Work task:
No line before the one containing "WALA Nederland Verrijn" is to be output; retype exactly that line and all lines that follow it to the end of the records.

Given entries:

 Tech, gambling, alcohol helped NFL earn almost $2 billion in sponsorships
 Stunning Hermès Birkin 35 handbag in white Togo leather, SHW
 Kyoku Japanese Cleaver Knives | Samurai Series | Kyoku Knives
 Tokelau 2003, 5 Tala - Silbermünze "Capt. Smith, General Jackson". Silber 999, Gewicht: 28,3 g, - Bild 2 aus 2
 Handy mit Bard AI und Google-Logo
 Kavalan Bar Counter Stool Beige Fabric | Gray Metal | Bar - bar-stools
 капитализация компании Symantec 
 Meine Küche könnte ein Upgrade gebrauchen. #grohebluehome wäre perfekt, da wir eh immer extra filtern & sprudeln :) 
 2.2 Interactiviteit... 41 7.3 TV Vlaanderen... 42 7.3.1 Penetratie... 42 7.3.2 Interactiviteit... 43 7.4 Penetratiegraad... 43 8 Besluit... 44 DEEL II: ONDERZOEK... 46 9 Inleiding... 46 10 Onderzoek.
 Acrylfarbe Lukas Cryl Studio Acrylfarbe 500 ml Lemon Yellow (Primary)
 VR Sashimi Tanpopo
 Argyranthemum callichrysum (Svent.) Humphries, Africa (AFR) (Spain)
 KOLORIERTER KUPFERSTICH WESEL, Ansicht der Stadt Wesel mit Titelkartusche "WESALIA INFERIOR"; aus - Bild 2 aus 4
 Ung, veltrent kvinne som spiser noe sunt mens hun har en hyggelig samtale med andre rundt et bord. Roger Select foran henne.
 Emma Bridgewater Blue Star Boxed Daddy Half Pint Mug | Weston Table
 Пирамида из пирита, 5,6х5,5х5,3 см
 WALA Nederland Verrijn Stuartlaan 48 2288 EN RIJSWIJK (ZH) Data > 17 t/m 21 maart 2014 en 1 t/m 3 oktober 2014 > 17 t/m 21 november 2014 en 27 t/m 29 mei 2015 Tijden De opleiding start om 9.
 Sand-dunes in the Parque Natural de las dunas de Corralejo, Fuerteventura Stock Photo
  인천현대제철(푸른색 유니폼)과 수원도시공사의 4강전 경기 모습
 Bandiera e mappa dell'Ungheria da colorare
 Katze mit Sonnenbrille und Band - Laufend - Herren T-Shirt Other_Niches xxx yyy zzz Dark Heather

Expected answer:
 WALA Nederland Verrijn Stuartlaan 48 2288 EN RIJSWIJK (ZH) Data > 17 t/m 21 maart 2014 en 1 t/m 3 oktober 2014 > 17 t/m 21 november 2014 en 27 t/m 29 mei 2015 Tijden De opleiding start om 9.
 Sand-dunes in the Parque Natural de las dunas de Corralejo, Fuerteventura Stock Photo
  인천현대제철(푸른색 유니폼)과 수원도시공사의 4강전 경기 모습
 Bandiera e mappa dell'Ungheria da colorare
 Katze mit Sonnenbrille und Band - Laufend - Herren T-Shirt Other_Niches xxx yyy zzz Dark Heather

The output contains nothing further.